Characterisation of a novel antigen presenting cell
Antigen presentation is crucial for generating an immune response. It is responsible for initiating full-blown immunity leading to antigen eradication, as well as the tolerogenic deletion of antigen-reactive lymphocytes for life. With such an important role, a high priority must be placed on determining how antigen presentation leads to such disparate outcomes.
Dendritic cells are regarded as the most important population of antigen presenting cells with numerous sub-populations having distinct functional capabilities. Given the potential to use dendritic cells as immunotherapy vectors, an in-depth understanding of all dendritic cell subtypes, and how they function, is of great importance.
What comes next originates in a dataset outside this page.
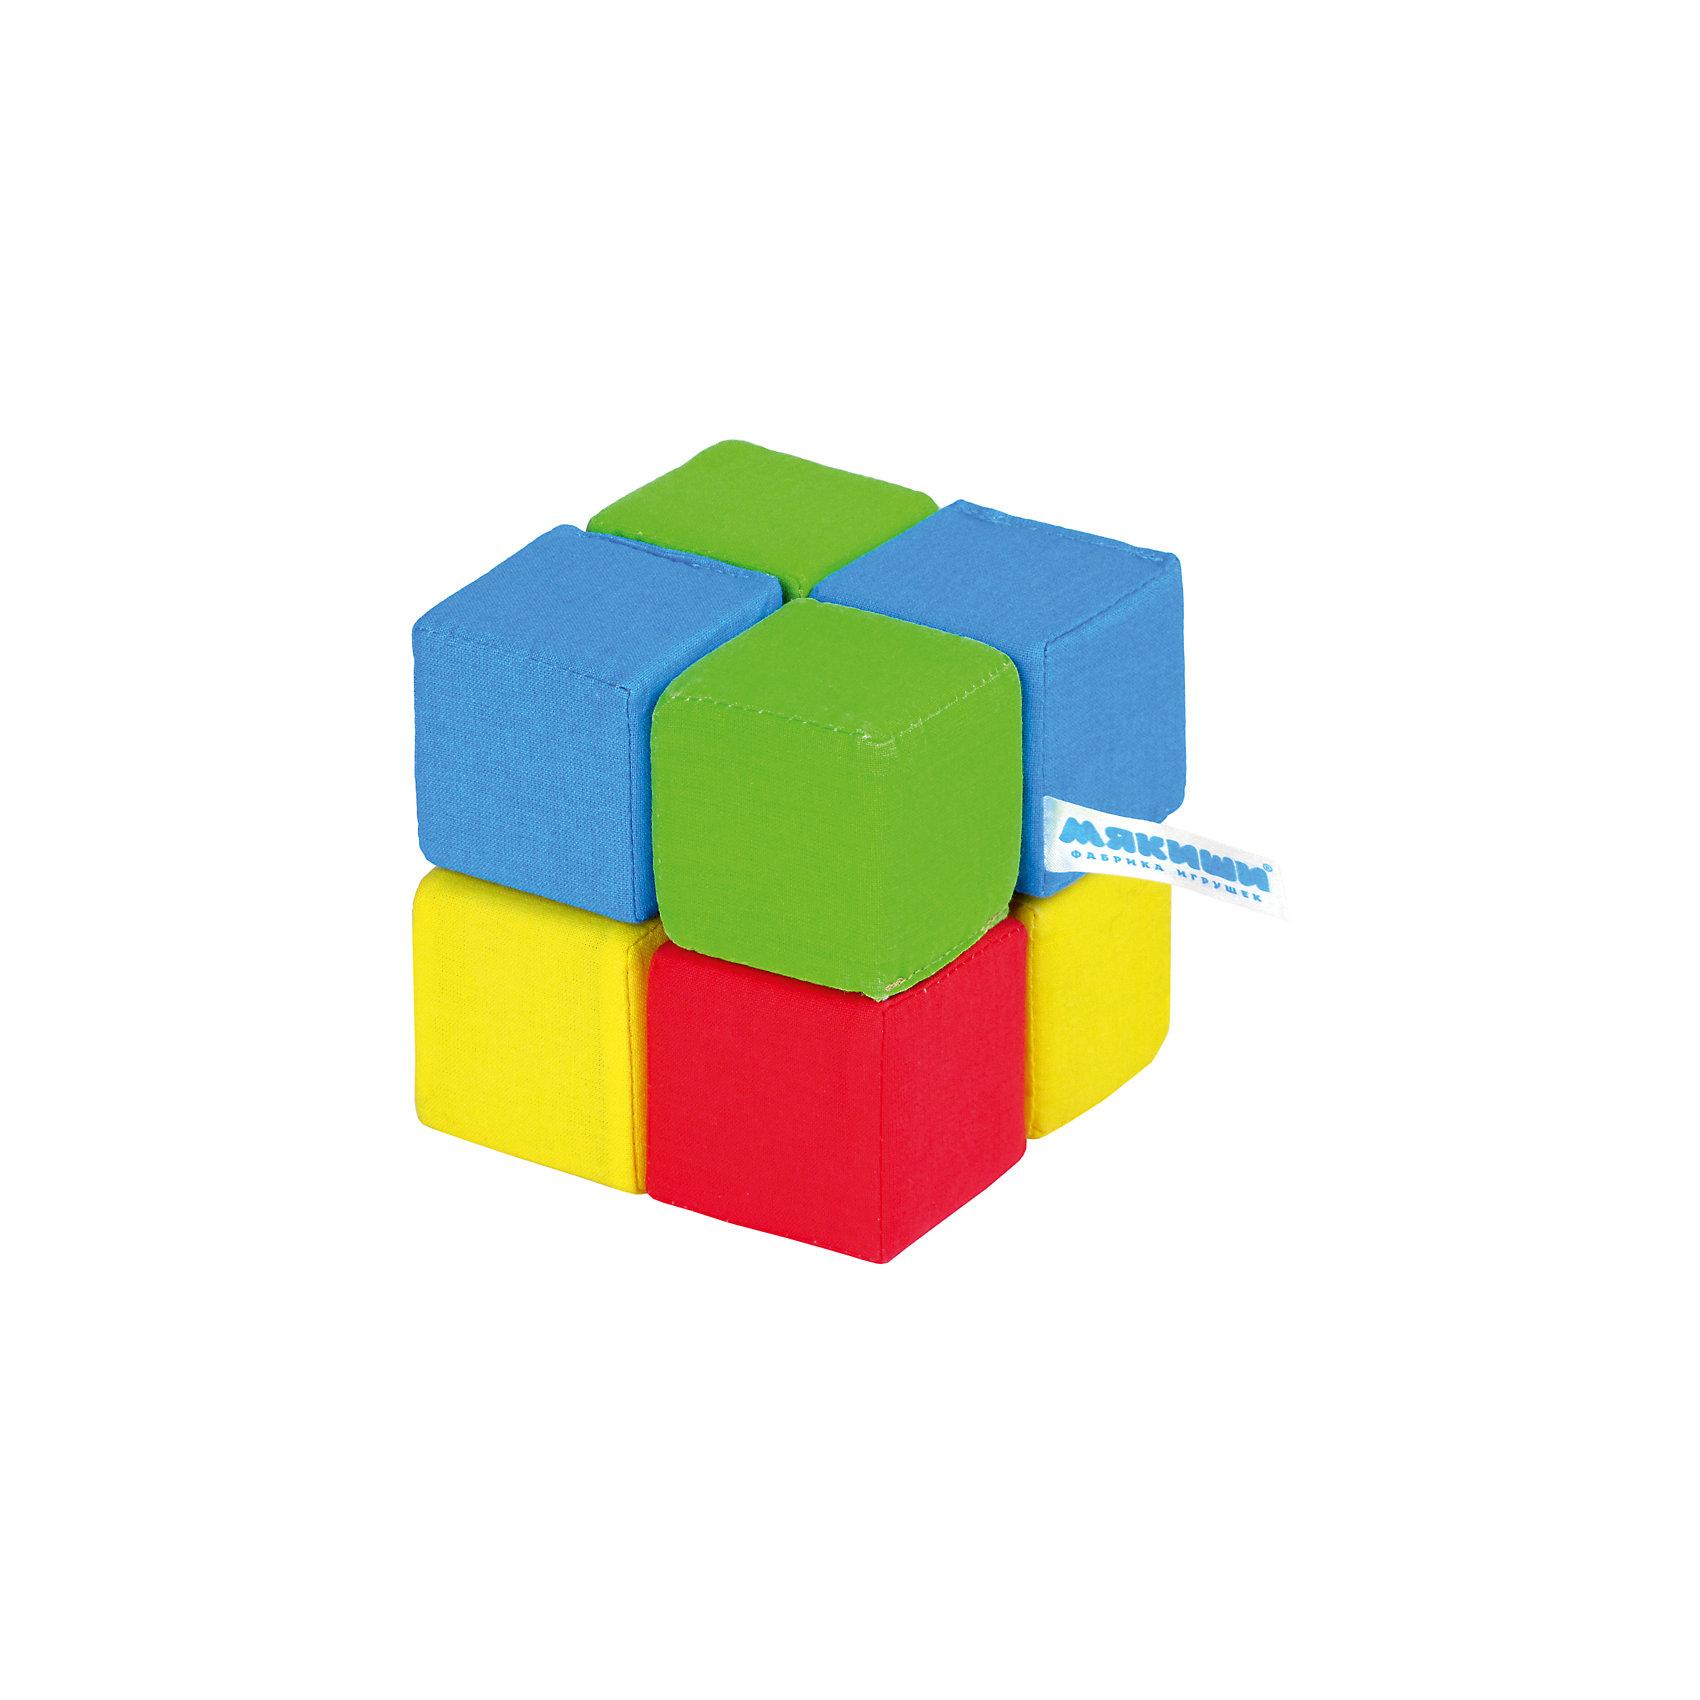 Кубики Четыре цвета, МякишиХарактеристики товара:<br><br>• материал: хлопок, поролон<br>• комплектация: 8 шт<br>• размер кубика: 5х5 см<br>• размер упаковки: 15 x 18 x 10 см<br>• развивающая игрушка<br>• звуковой элемент в одном кубике<br>• упаковка: пакет<br>• страна бренда: РФ<br>• страна изготовитель: РФ<br><br>Малыши активно познают мир и тянутся к новой информации. Чтобы сделать процесс изучения окружающего пространства интереснее, ребенку можно подарить развивающие игрушки. В процессе игры информация усваивается намного лучше!<br>Такие кубики помогут занять малыша, играть ими приятно и весело. Одновременно они позволят познакомиться с разными цветами. Такие игрушки развивают тактильные ощущения, моторику, цветовосприятие, логику, воображение, учат фокусировать внимание. Каждое изделие абсолютно безопасно – оно создано из качественной ткани с мягким наполнителем. Игрушки производятся из качественных и проверенных материалов, которые безопасны для детей.<br><br>Кубики Четыре цвета от бренда Мякиши можно купить в нашем интернет-магазине.<br><br>Ширина мм: 150<br>Глубина мм: 180<br>Высота мм: 100<br>Вес г: 80<br>Возраст от месяцев: 12<br>Возраст до месяцев: 36<br>Пол: Унисекс<br>Возраст: Детский<br>SKU: 5183223

We have recently identified a novel antigen presenting cell population in murine spleen with high capacity to cross-present antigen to CD8+ T cells. These cells resemble a myeloid dendritic-like cell that we can generate from progenitors in spleen tissues in in vitro long-term cultures and appear to be an in vivo equivalent of these cells. Preliminary evidence has shown that this cell type expresses dendritic cell markers and functions, being CD80/86+, CD11c+, CD11b+ and highly endocytic. However, they are unusual in that they only weakly express MHC-Class II and are very poor stimulators of CD4+ T cells. Both LTC-DC and their in vivo counterpart have high capacity to stimulate CD8+ T cells, particularly upon exposure to ‘danger’ signals. They are also functionally and phentoypically distinct from monocytes, and the known conventional and plasmacytoid DC subsets.
This led us to the hypothesis that this novel APC subset was positioned to have ready access to blood-borne antigen, and may play a unique role in antigen cross-presentation to CD8+ T cells and in T-independent B cell immunity.
The overall aim of this project is to characterise these cells more fully in relation to other known DC and myeloid cell types. We are investigating the capacity of these cells to activate T cell immunity and are investigating whether they participate in T-independent B cell immunity.